Content starts

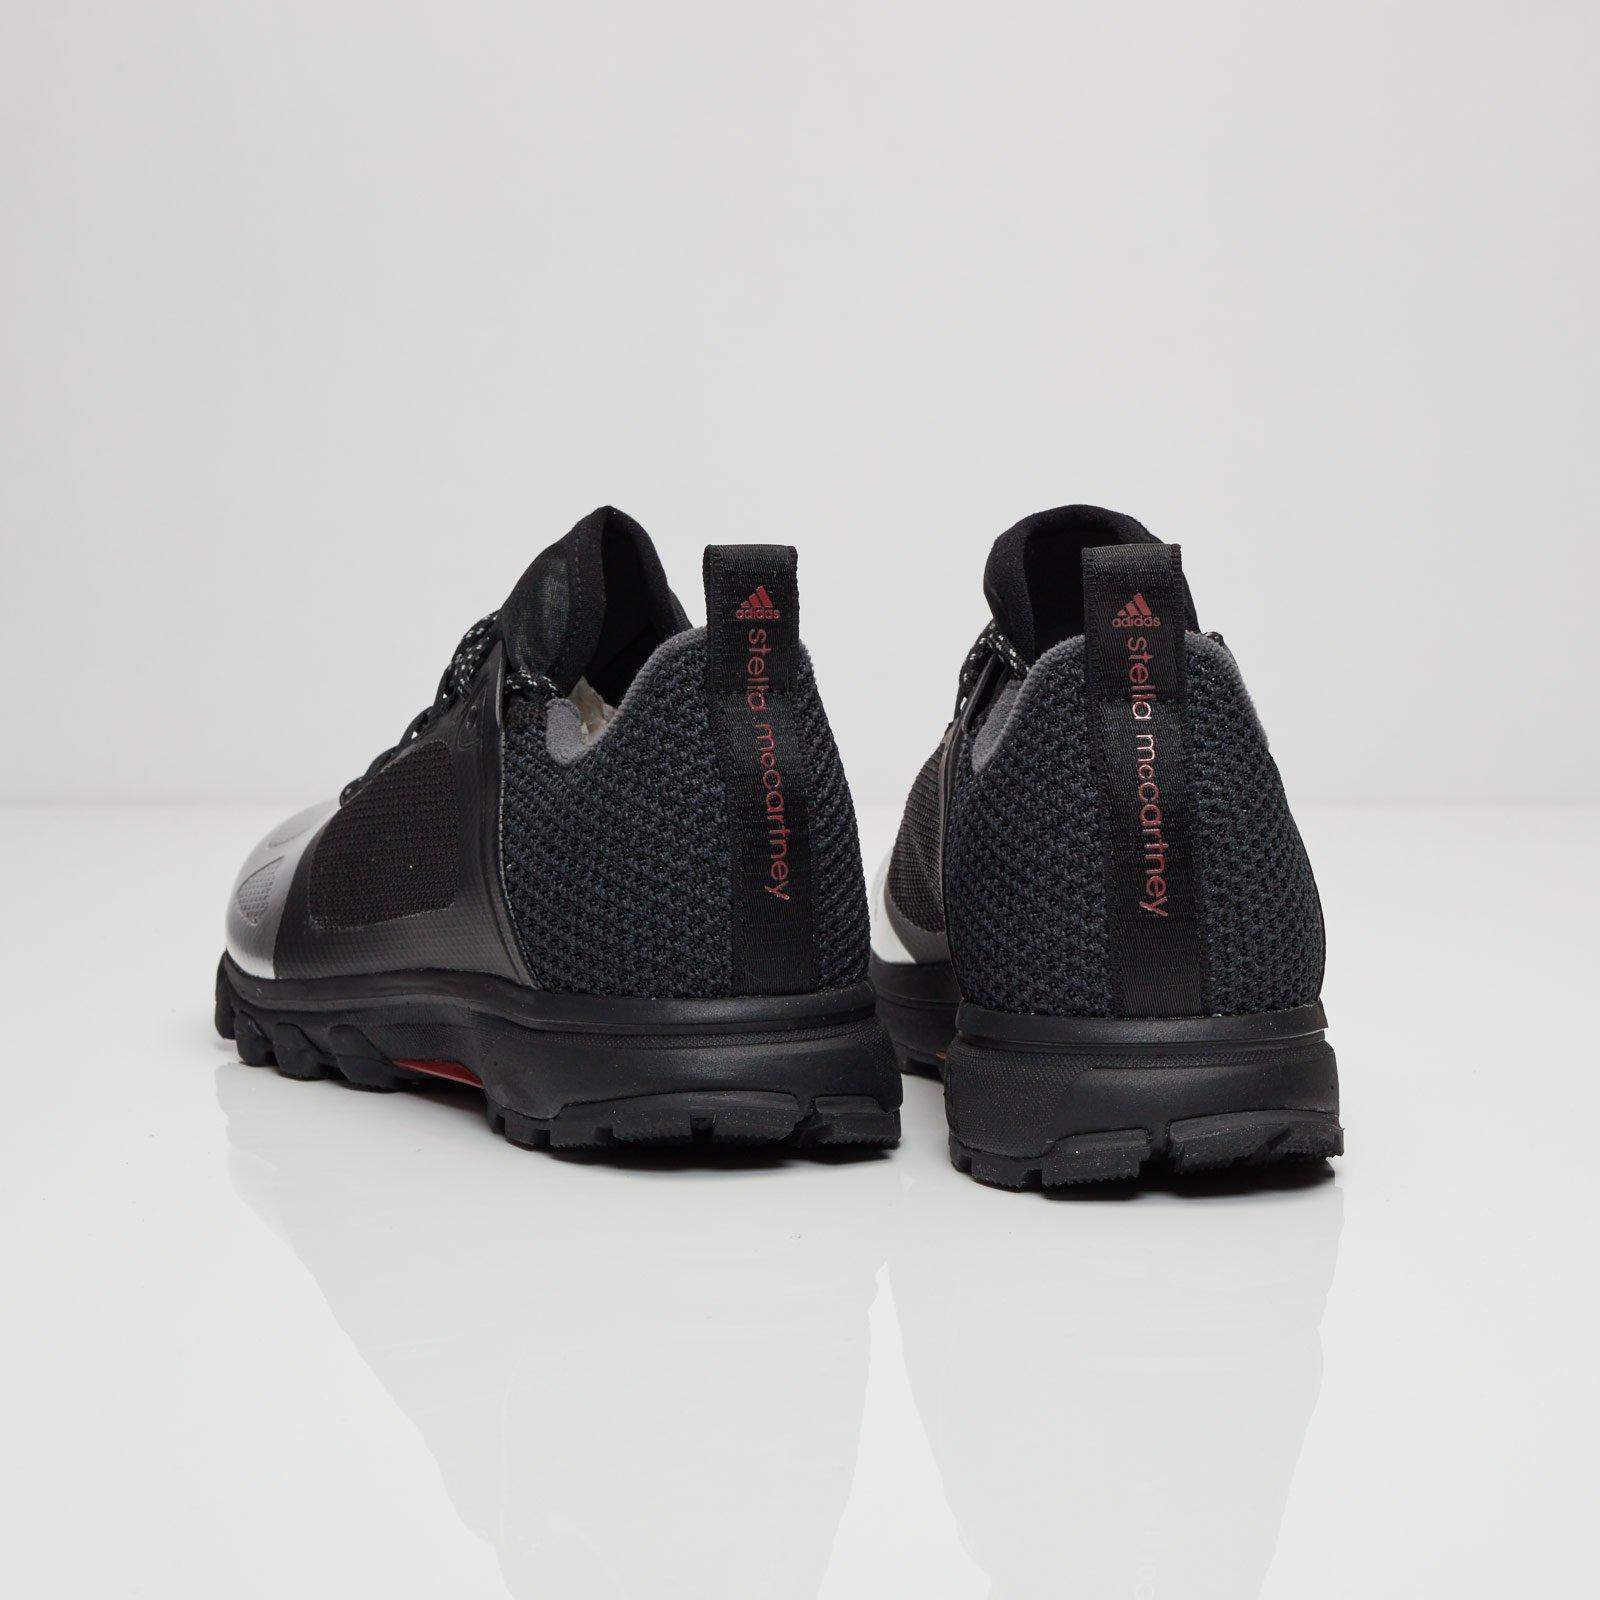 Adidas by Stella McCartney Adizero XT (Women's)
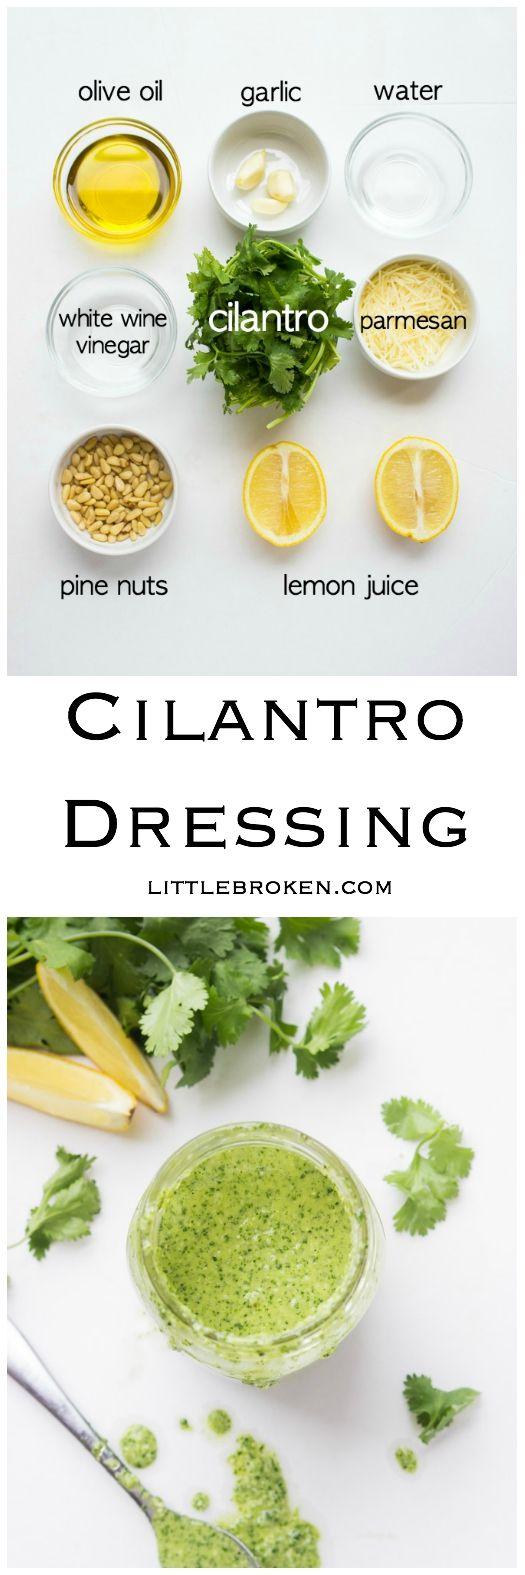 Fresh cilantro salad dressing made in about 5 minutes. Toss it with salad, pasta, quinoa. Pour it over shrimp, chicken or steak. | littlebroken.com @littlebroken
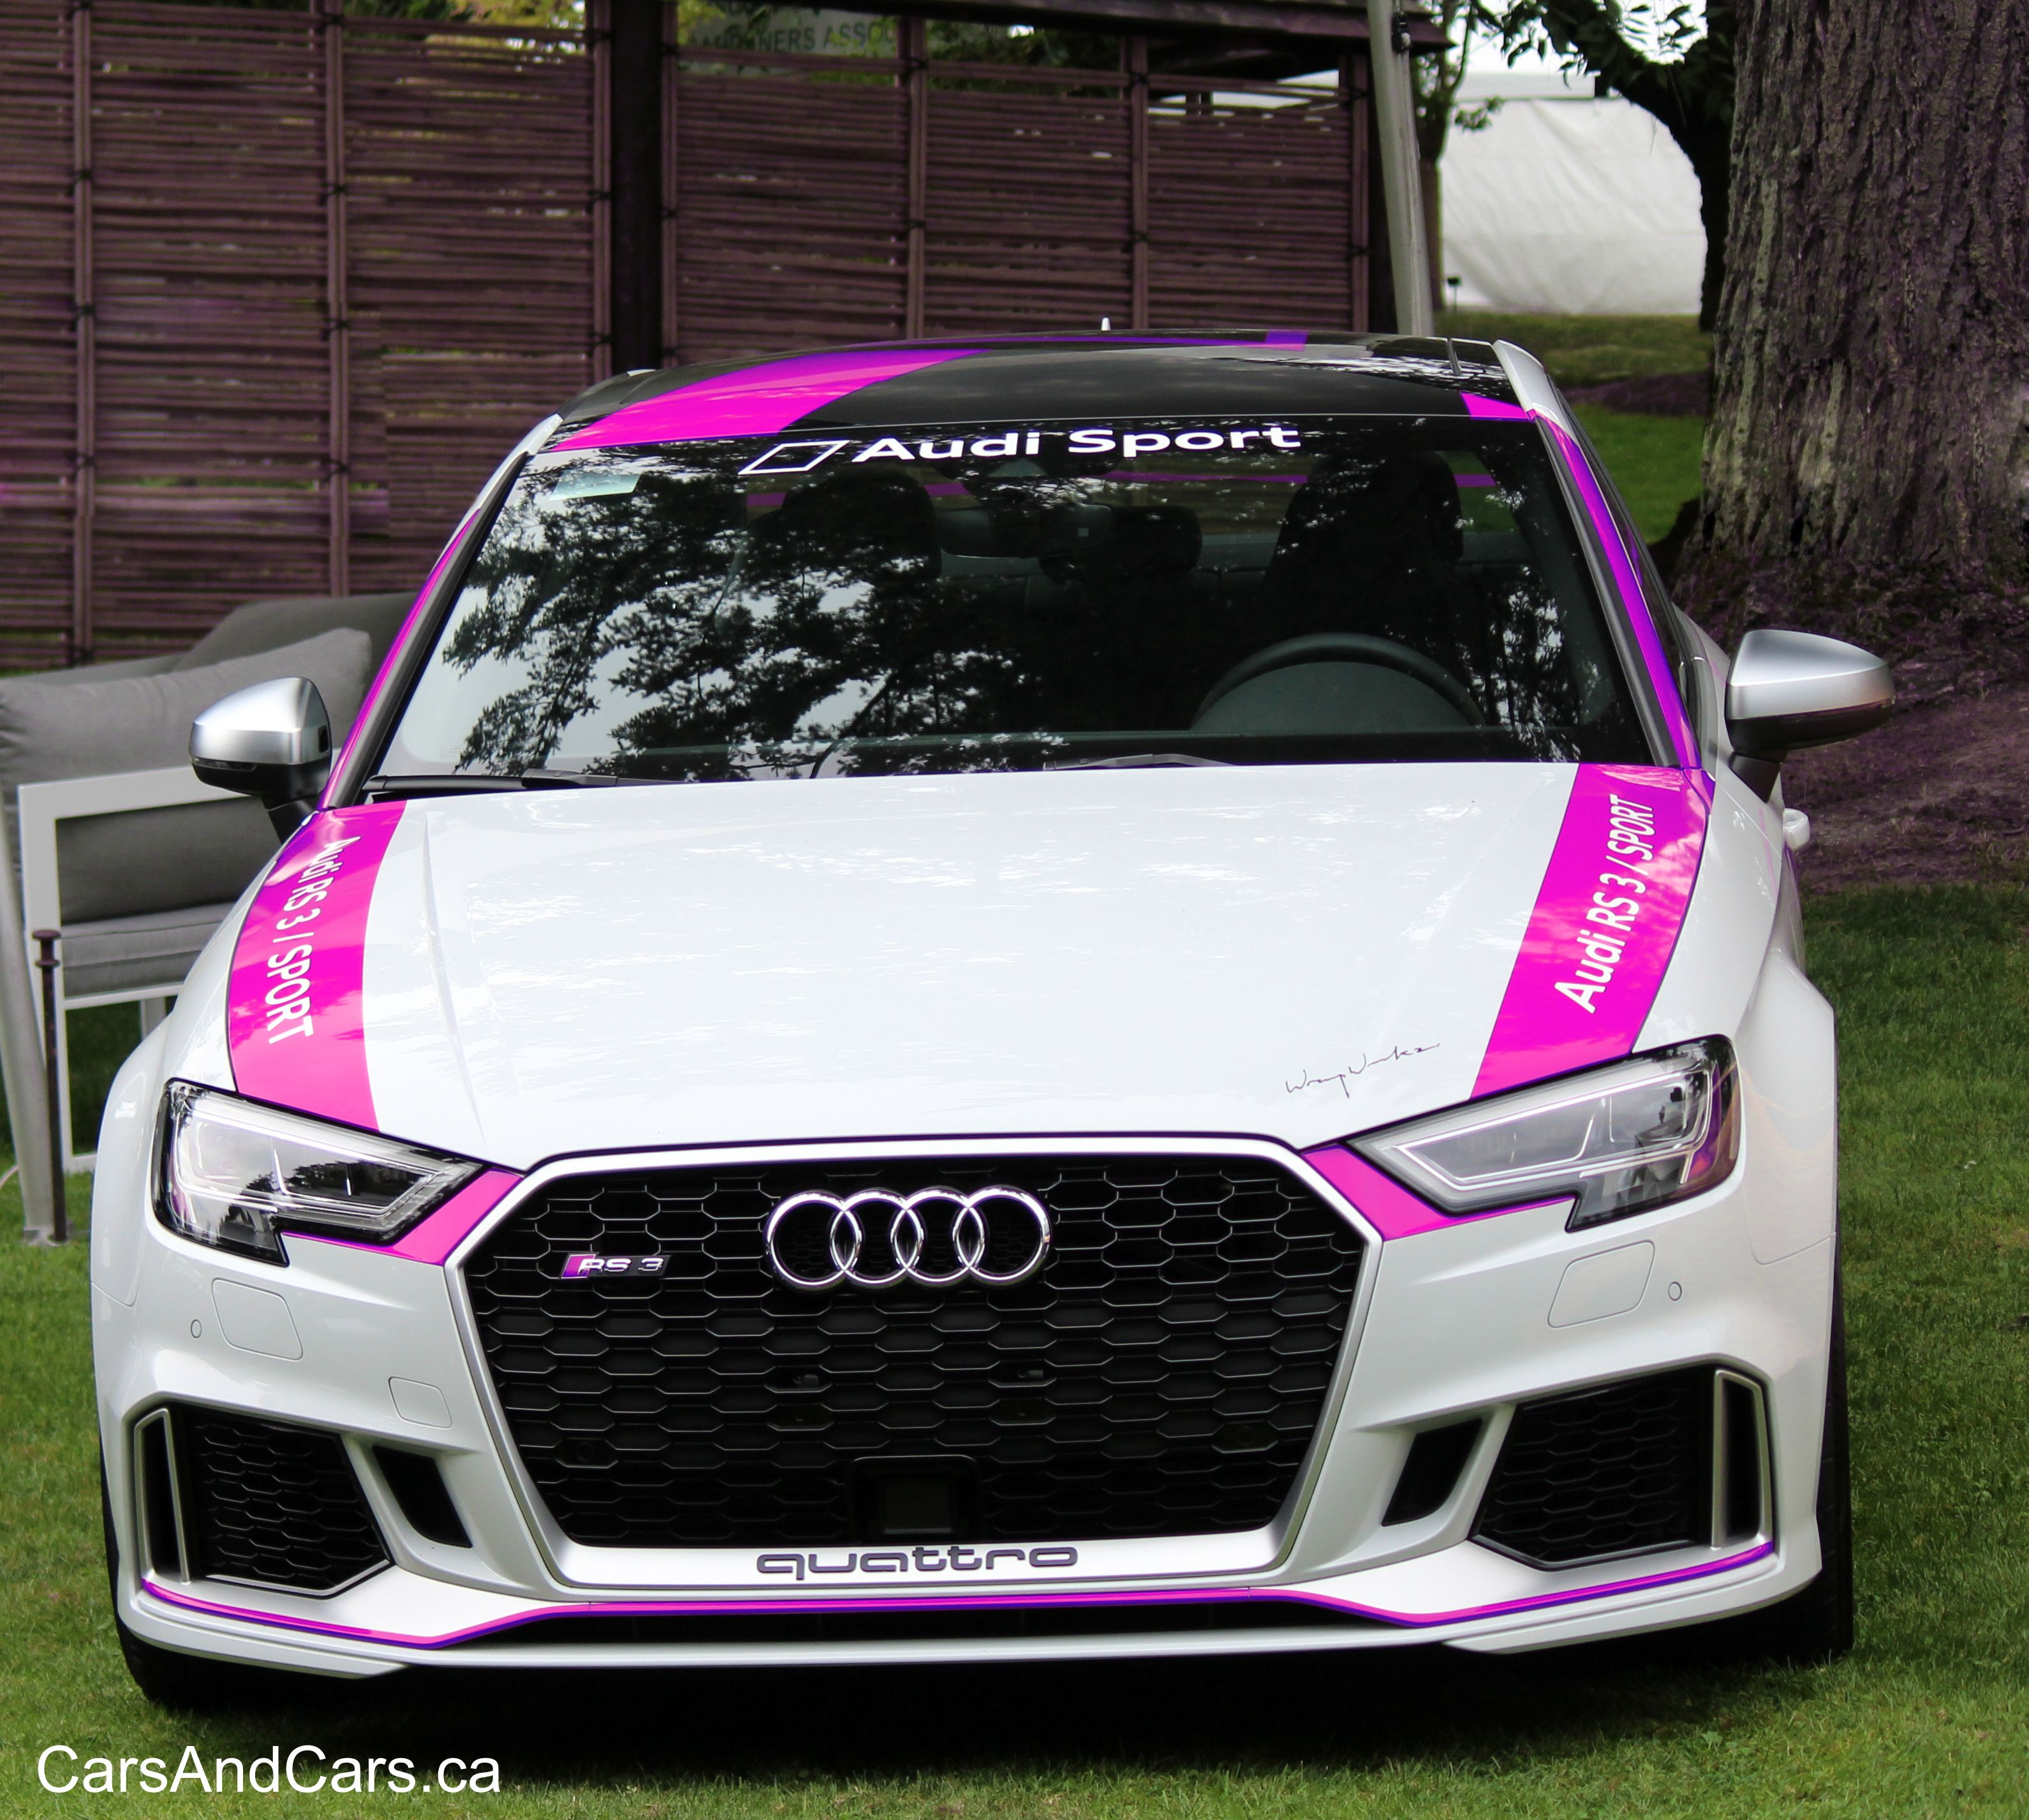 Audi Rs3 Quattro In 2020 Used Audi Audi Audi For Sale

Content ends

__TASK TO CARRY OUT__. Without copying any picture, repeat the full listing above word for word.

__SOLUTION TO THIS PROBLEM__.
 Adidas by Stella McCartney Adizero XT (Women's)
 Fresh cilantro salad dressing made in about 5 minutes. Toss it with salad, pasta, quinoa. Pour it over shrimp, chicken or steak. | littlebroken.com @littlebroken
 Audi Rs3 Quattro In 2020 Used Audi Audi Audi For Sale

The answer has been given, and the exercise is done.